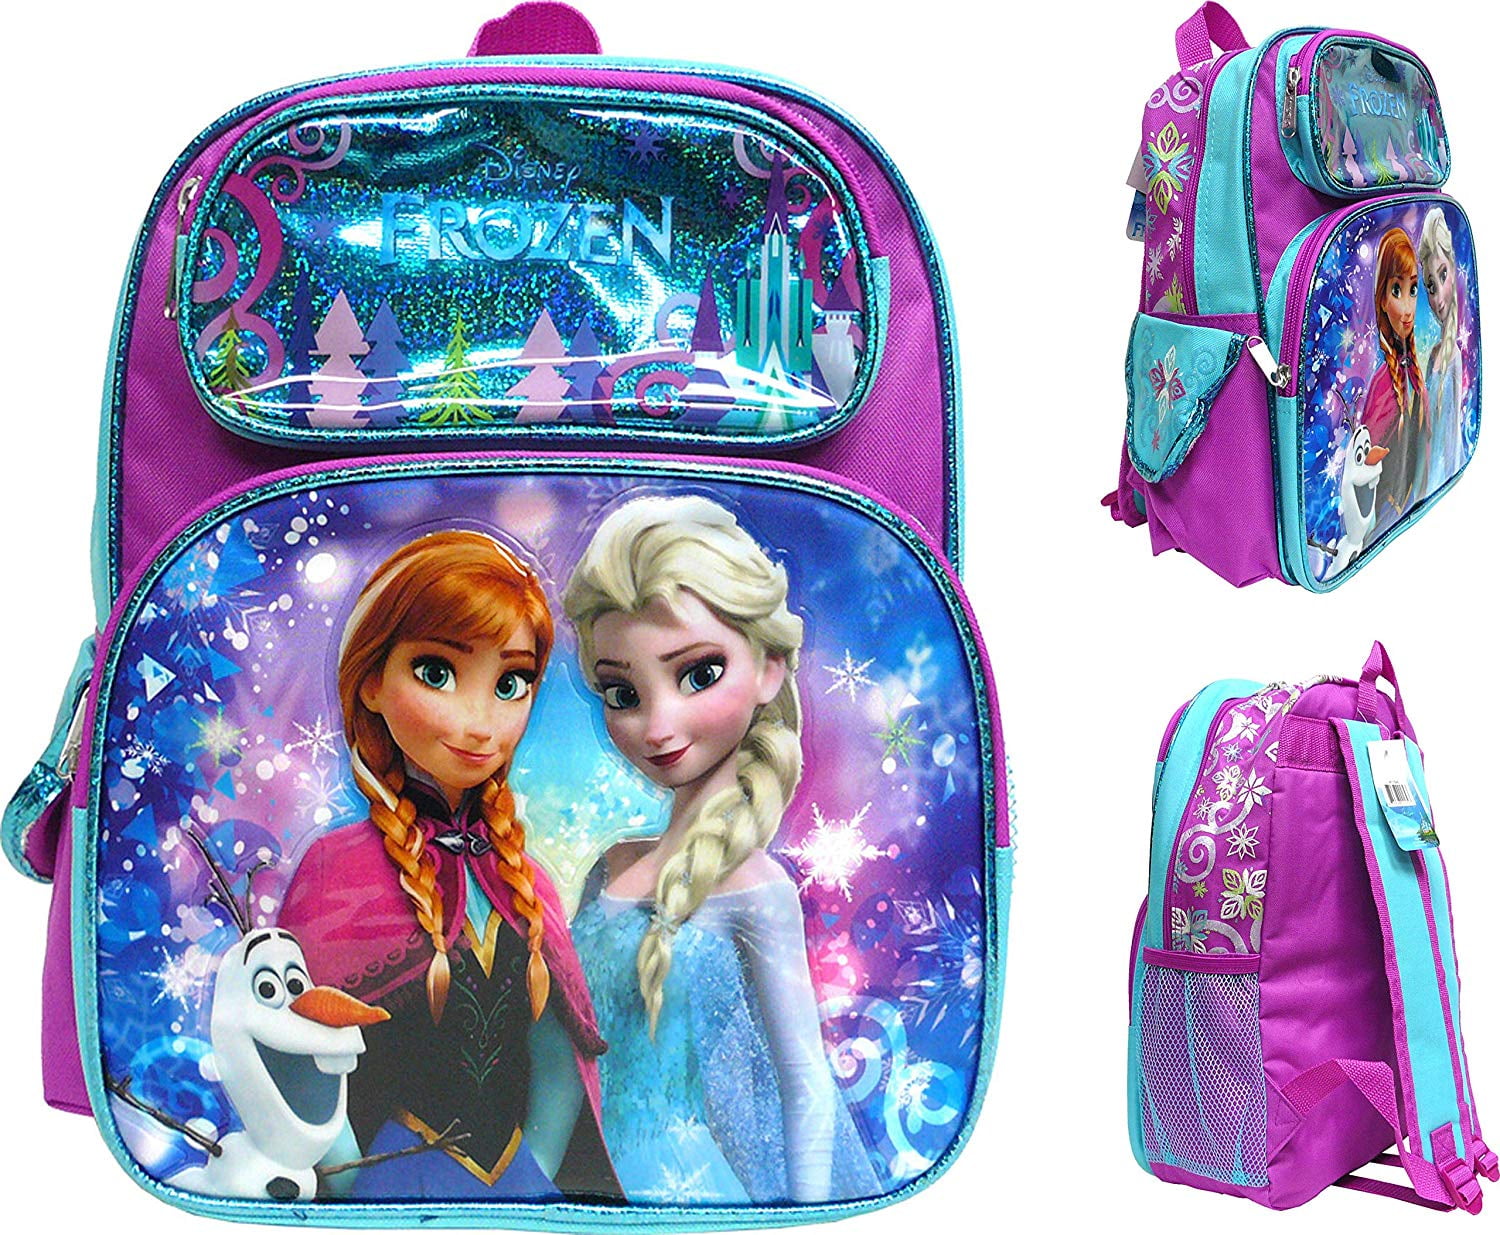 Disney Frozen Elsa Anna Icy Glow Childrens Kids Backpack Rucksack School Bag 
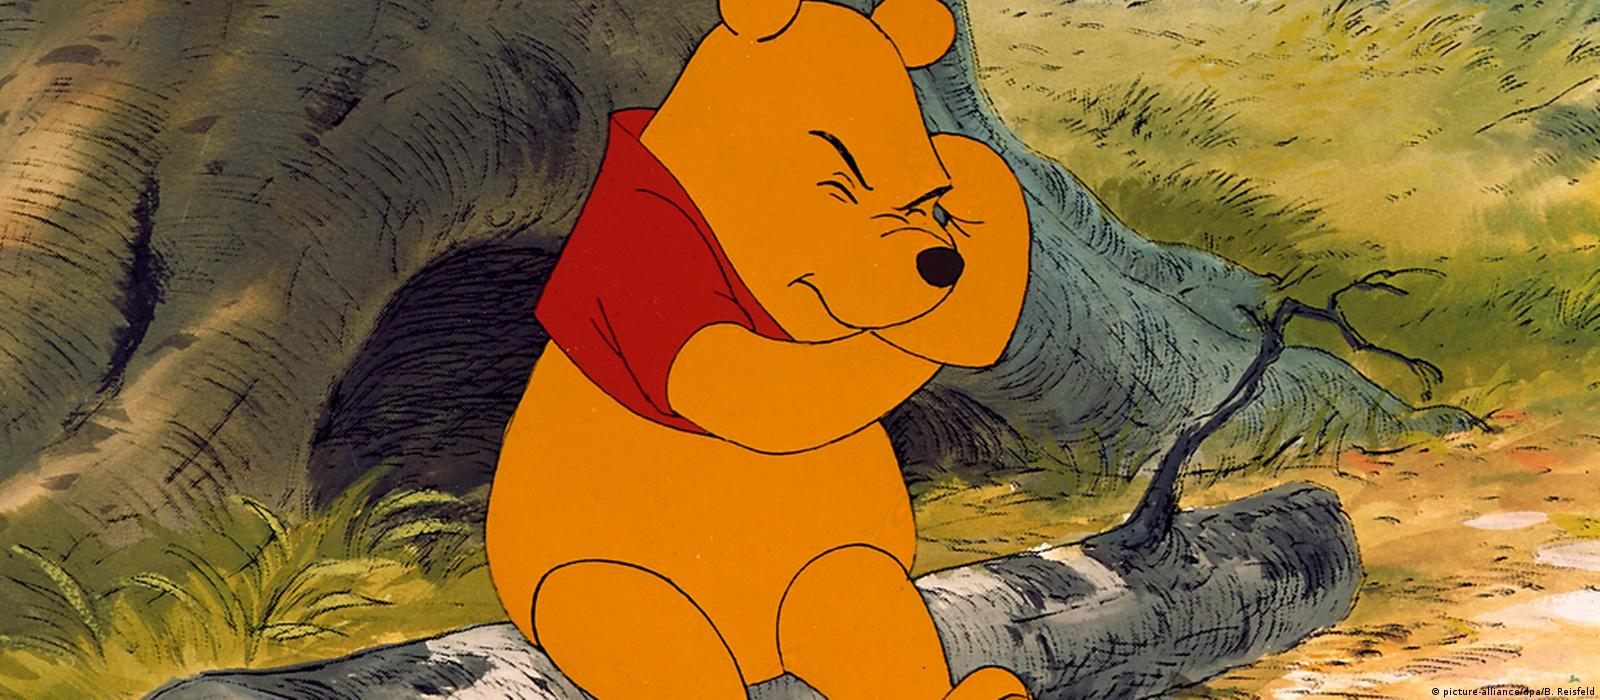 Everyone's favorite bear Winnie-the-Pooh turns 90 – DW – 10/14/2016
--
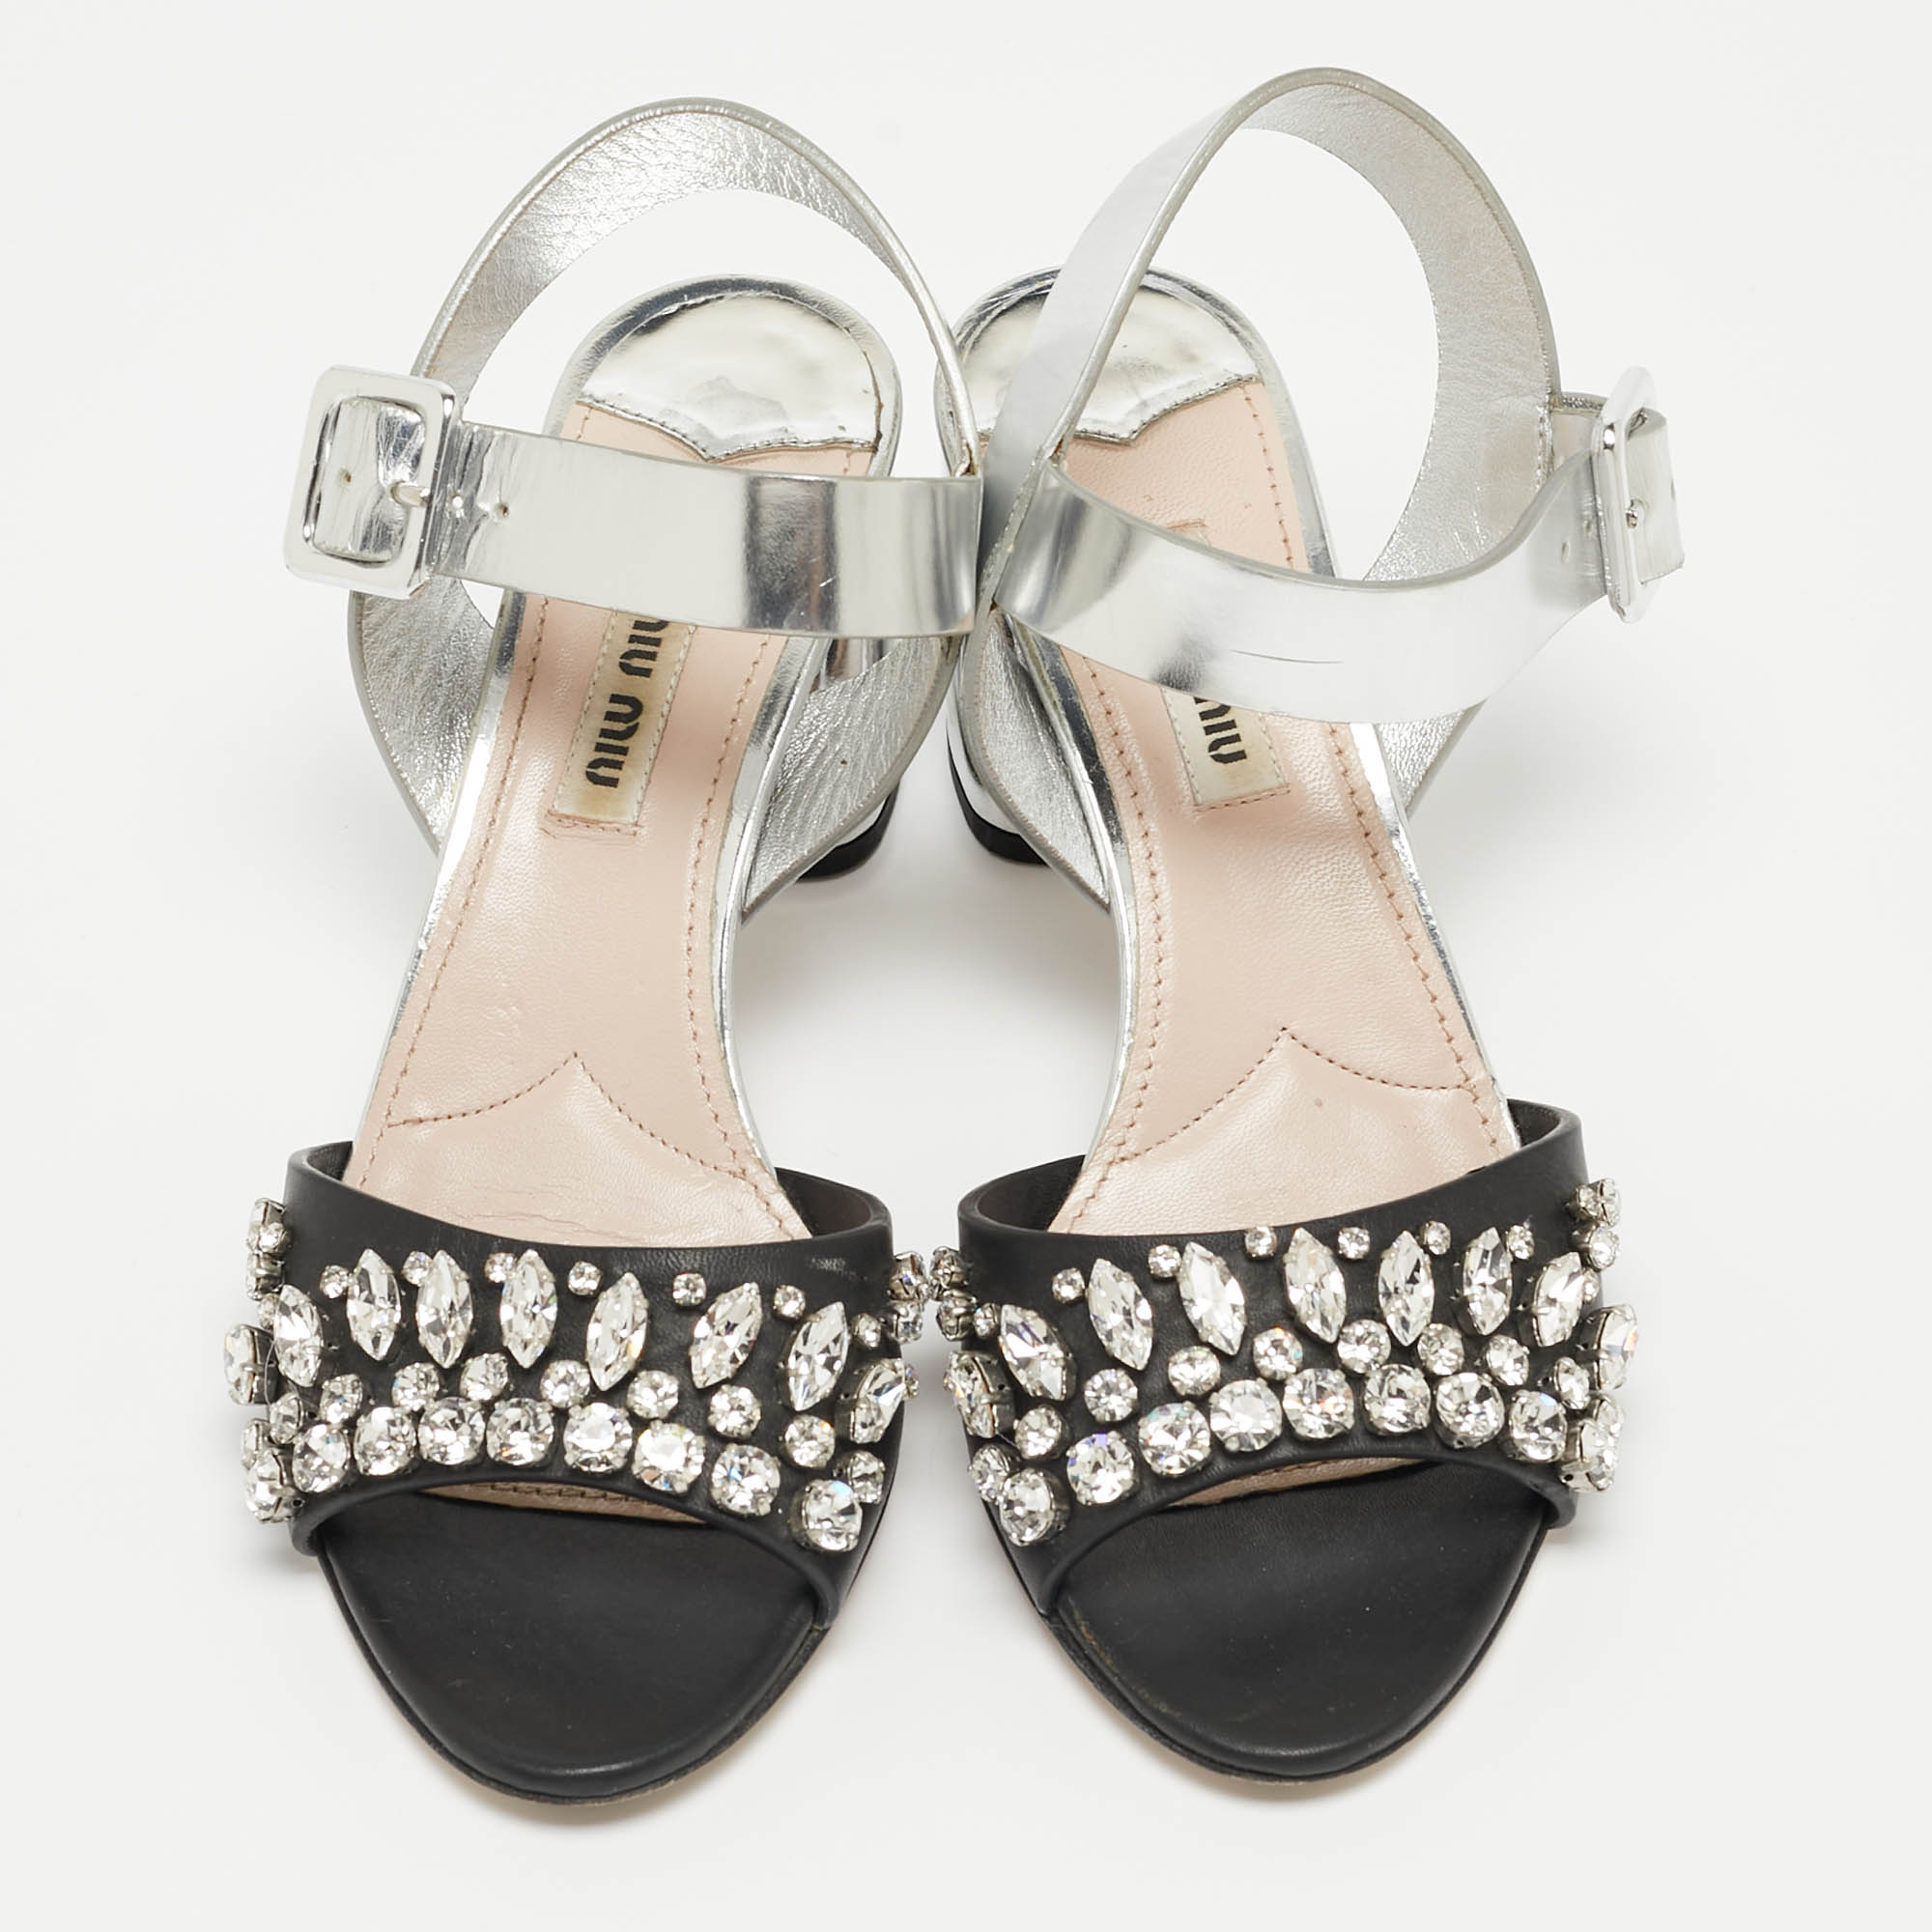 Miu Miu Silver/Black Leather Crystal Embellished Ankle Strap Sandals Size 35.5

◆ What to produce
Reproduce the data above exactly, but only from the line containing "Disney Frozen Elsa" through the line containing "Everyone's favorite bear"; skip the pictures.

◆ Expected output
 Disney Frozen Elsa Anna Icy Glow Childrens Kids Backpack Rucksack School Bag 
 Everyone's favorite bear Winnie-the-Pooh turns 90 – DW – 10/14/2016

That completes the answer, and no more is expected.